The working principle of the proposed piezoelectric energy harvester is shown in Figure 2. The working process of the piezoelectric energy harvester is divided into three main stages. In the initial stage, the rotor of the piezoelectric energy harvester is not in contact with the piezoelectric beam. The piezoelectric beam is in a slightly deformed state under its own gravity and the gravity of the baffle. The initial state of the energy collector is shown in Figure 2a. At this time, the output voltage of the energy harvester is weak. As the rotor continues to rotate, it applies continuous dynamic loads to the piezoelectric beams, causing the piezoelectric material to undergo periodic stress changes, thereby generating electrical energy. The protruding block on the rotor starts to squeeze the free end of piezoelectric beam C as the rotor rotates. The free end of piezoelectric beam C is displaced upward under the pressure from the rotor. The piezoelectric beams A, B and C are connected by means of baffles, through which the impact force of the rotor is transmitted. The deformation of the piezoelectric beam reaches its maximum when the raised block of the rotor is aligned horizontally with the piezoelectric beam. The output power of the energy harvester is maximum under this condition. The dimensions of the baffles can be changed, so the deformation of piezoelectric beam A differs from that of piezoelectric beams B and C when the dimensions of baffles A and B are not the same. The excitation deformation phase of the piezoelectric energy harvester is shown in Figure 2b. As the rotor continues to rotate, the protruding block moves away from the piezoelectric beam. At this time, the piezoelectric beam starts to bend downward after losing its support force under the combined action of its own gravity and elastic potential energy. The piezoelectric beam generates continuous vibration. The vibration rebound phase of the piezoelectric energy harvester is shown in Figure 2c. This completes the first working cycle of the piezoelectric energy harvester.

3. Theory and Analysis

The rigidly connected cantilevered piezoelectric energy harvester can be simplified to a single-degree-of-freedom model. The simplified model is shown in Figure 3. The dynamic analysis of the system is carried out. The kinetic energy of the system includes the kinetic energy of the rotating motor T_r and the kinetic energy of the rigidly parallel cantilevered beams T_l.

$$T=T_r+T_l$$

(1)

The kinetic energy of the rotating motor T_r is

$$T_r=\frac{1}{3}{m}_r{r}^2{\dot{\alpha }}^2$$

(2)

where m_r is the mass of the rotating motor, r is the radius of rotation, and α is the angular displacement, which is correlated with motor speed.
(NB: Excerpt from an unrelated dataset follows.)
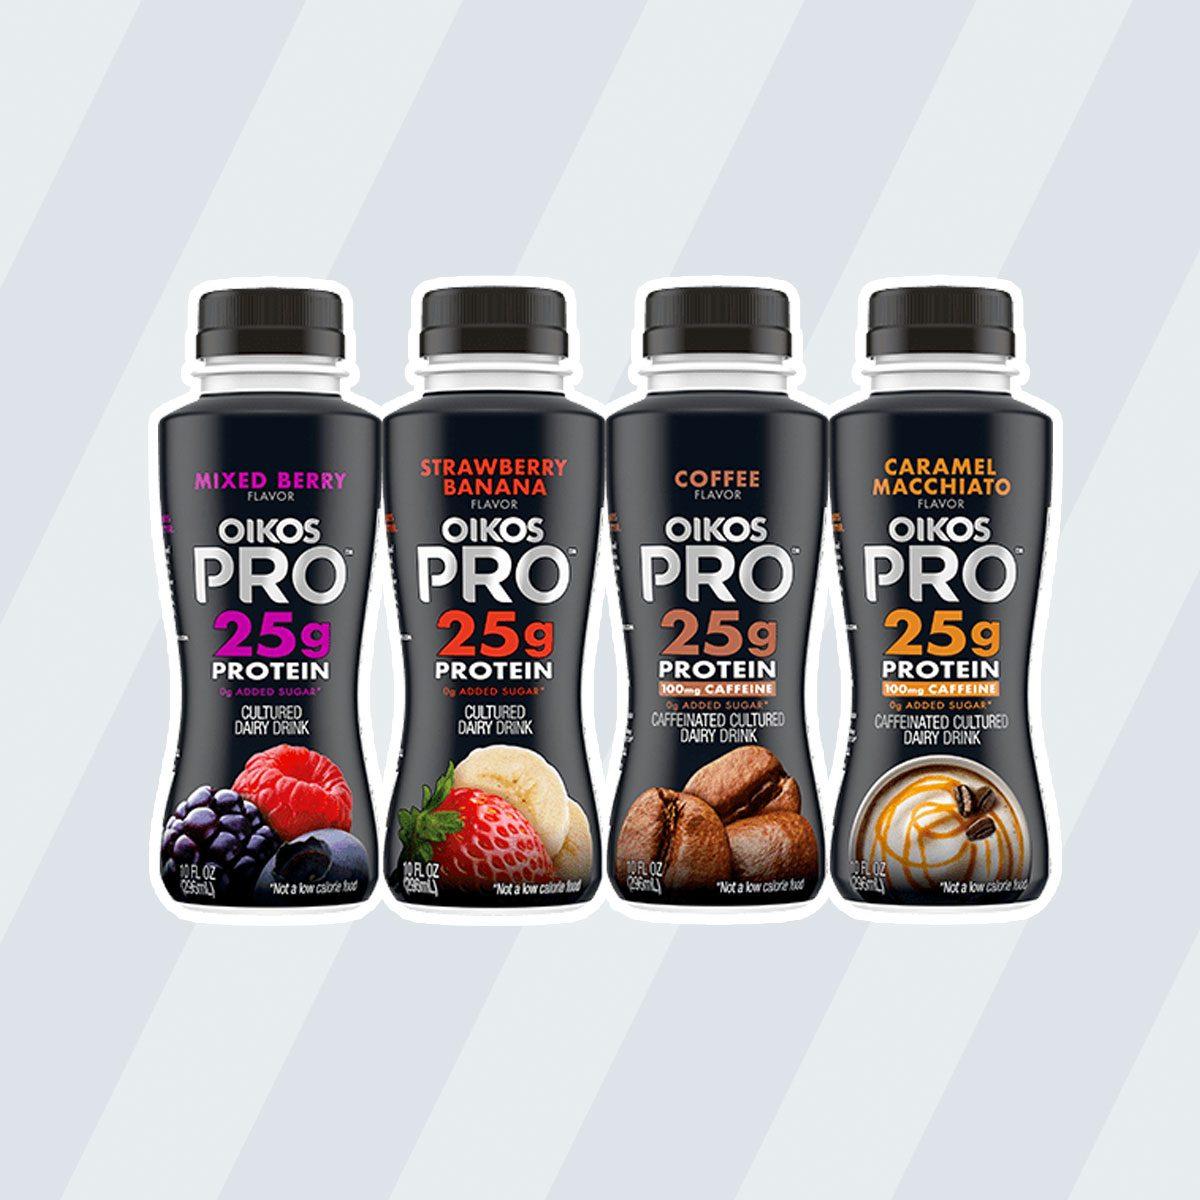 Oikos Pro Fuel healthy snacks to buy

The kinetic energy of a rigid parallel cantilevered piezoelectric energy harvester includes the kinetic energy of the substrate, the kinetic energy of the piezoelectric plate and the kinetic energy of the baffles.

$$T_l=\frac{1}{2}{\displaystyle \underset{V_c}{\int }{\rho }_c{u}^t\dot{u}}d{V}_c+\frac{1}{2}{\displaystyle \underset{V_e}{\int }{\rho }_e{u}^t\dot{u}}d{V}_e+\frac{1}{2}{\displaystyle \underset{V_d}{\int }{\rho }_d{u}^t\dot{u}}d{V}_d$$

(3)

where u(z, t) is the transverse displacement vector; V_c, V_e and V_d represent the volumes of the substrate, piezoelectric plate and baffle; and ρ_c, ρ_e and ρ_d represent the densities of the substrate, piezoelectric plate and baffle. The kinetic energy of the whole system is

$$T=\frac{1}{2}{\displaystyle \underset{V_c}{\int }{\rho }_c{u}^t\dot{u}}d{V}_c+\frac{1}{2}{\displaystyle \underset{V_e}{\int }{\rho }_e{u}^t\dot{u}}d{V}_e+\frac{1}{2}{\displaystyle \underset{V_d}{\int }{\rho }_d{u}^t\dot{u}}d{V}_d+\frac{1}{3}{m}_r{r}^2{\dot{\alpha }}^2$$

(4)

If only the polarization along the vertical direction is considered, the potential energy of the piezoelectric beam E_b can be expressed as [21]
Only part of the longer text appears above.